Building a JSON data store

This query pulls down a set of identifiers and descriptors for INEGI's socio economic data.

library(RODBC)
con <- odbcConnect("gisdb")


d <- sqlQuery(con, "select * from inegi.ids")
d <- data.frame(id = d$var_id, variable = d$variable)

Using the json package

The json package writes out R objects as JSON. However this does not produce exactly the format needed by default.

library(rjson)
toJSON(head(d))

## [1] "{\"id\":[3103004004,5300000069,3103004005,5300000079,3103004003,5300000059],\"variable\":[\"Porcentaje de hombres ocupados en el sector primario\",\"Total de personal no dependiente de la raz\\u00f3n social. Sector 48-49. Transportes.\",\"Porcentaje de hombres ocupados en el sector secundario\",\"Personal remunerado. Sector 48-49. Transportes.\",\"Porcentaje de poblaci\\u00f3n total ocupada en el sector terciario\",\"Total de personal dependiente de la raz\\u00f3n social. Sector 48-49. Transportes.\"]}"

We need the values to be repeated in this sort of format

toJSON(d[1, ])

## [1] "{\"id\":3103004004,\"variable\":\"Porcentaje de hombres ocupados en el sector primario\"}"

So applying a function across the rows produces the data store format.


f <- function(x) cat(toJSON(x), ",")
sink("/var/www/apps/inegi/INEGI.json")
cat("[")
apply(d, 1, f)
cat("]")
sink()

One problem arose in this case. The final line includes an extra comma and a NULL value. It looks like this

“Total de gastos por consumo de bienes y servicios. Sector 21. Miner\u00eda.”} ,{“id”:“1010000033”,“variable”:“Subestaciones de transmisi\u00f3n de energ\u00eda el\u00e9ctrica”} ,NULL ]

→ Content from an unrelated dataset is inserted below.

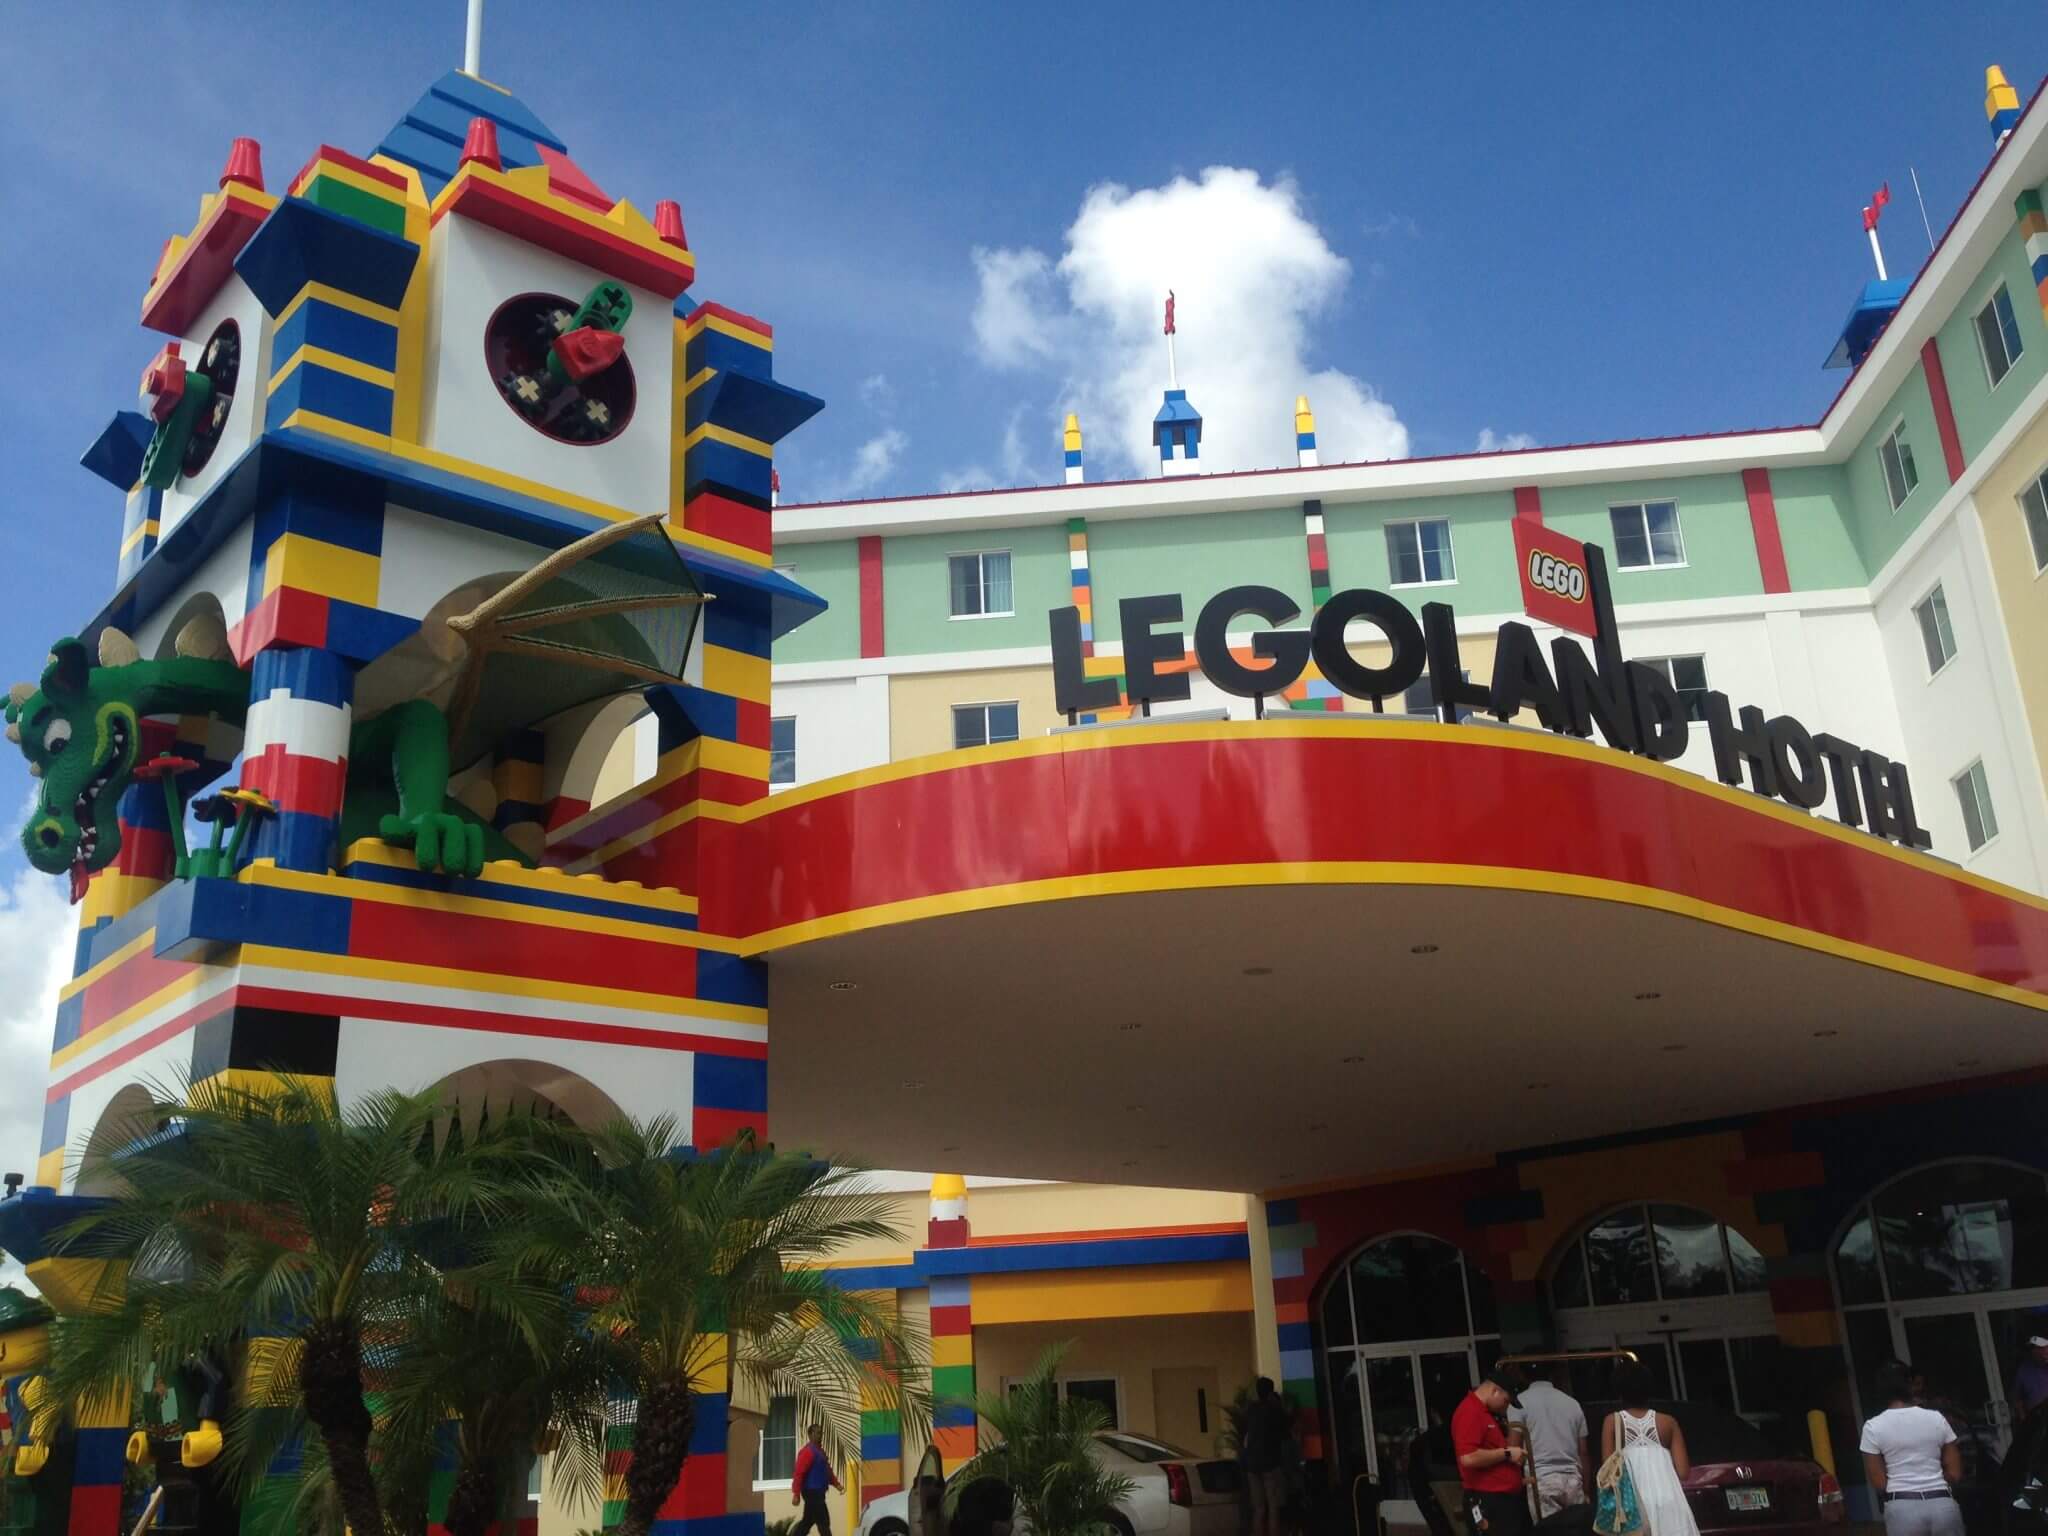 The Legoland Hotel in Florida.

The easiest way to deal with this in this case was just to open the store in a text editor and remove the last comma and NULL.

“Total de gastos por consumo de bienes y servicios. Sector 21. Miner\u00eda.”} ,{“id”:“1010000033”,“variable”:“Subestaciones de transmisi\u00f3n de energ\u00eda el\u00e9ctrica”} ]